The Downside of Objective Metrics As Christian and Griffiths explain, using an objective measurement makes it easier for you to compare options. However, this strategy can easily backfire. If the metric you’re using misaligns with what you’re trying to accomplish, you could end up chasing the wrong goals and sabotaging yourself. For example, if you judge airline tickets based on their price and nothing else, you may find yourself on a cheap but miserable sixty-hour-long string of connecting flights, ruining your vacation. This kind of misalignment is very difficult to spot—humans have a powerful cognitive bias that causes them to equate the metric used to measure a strategy’s progress with the strategy itself. Psychologists have termed this phenomenon “surrogation”: Instead of thinking through what airline ticket will result in the best vacation, you implicitly assume that the cheapest airfare means the best vacation. How can you prevent this from happening to you? Research has shown that using multiple metrics instead of just one greatly reduces the risk of surrogation. When you’re evaluating a series of options, rating them on multiple scales keeps your brain focused on the overarching goal instead of getting attached to any one measurement. |
Rule #3: If exploring has a cost, commit earlier.

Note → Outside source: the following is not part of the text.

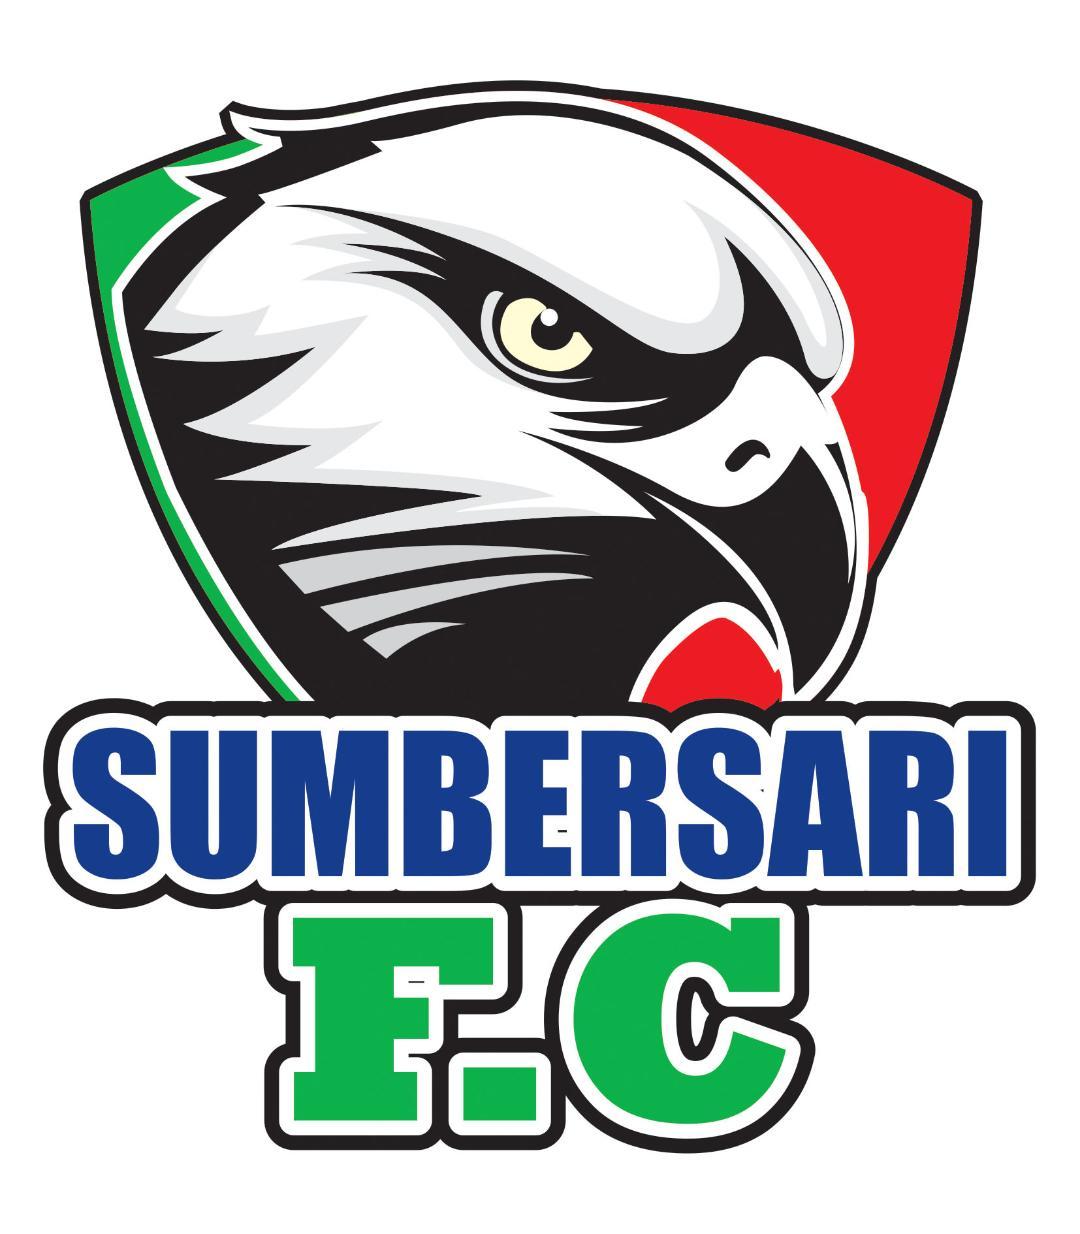 SUMBERSARI FC

Finally, if every additional option you consider comes with a cost, Christian and Griffiths advise you to commit earlier if you expect the best option will cost more to wait for than it’s worth.
For example, if a farmer’s trying to sell a cow, every offer he turns down means he’ll have to continue to pay for its food and care until the next offer comes in. If the expenses of waiting outweigh the additional cash expected from the next better offer, the farmer should commit to selling the cow before the “optimal” time. This is easier to calculate if you have a way to objectively measure your options, as we just discussed.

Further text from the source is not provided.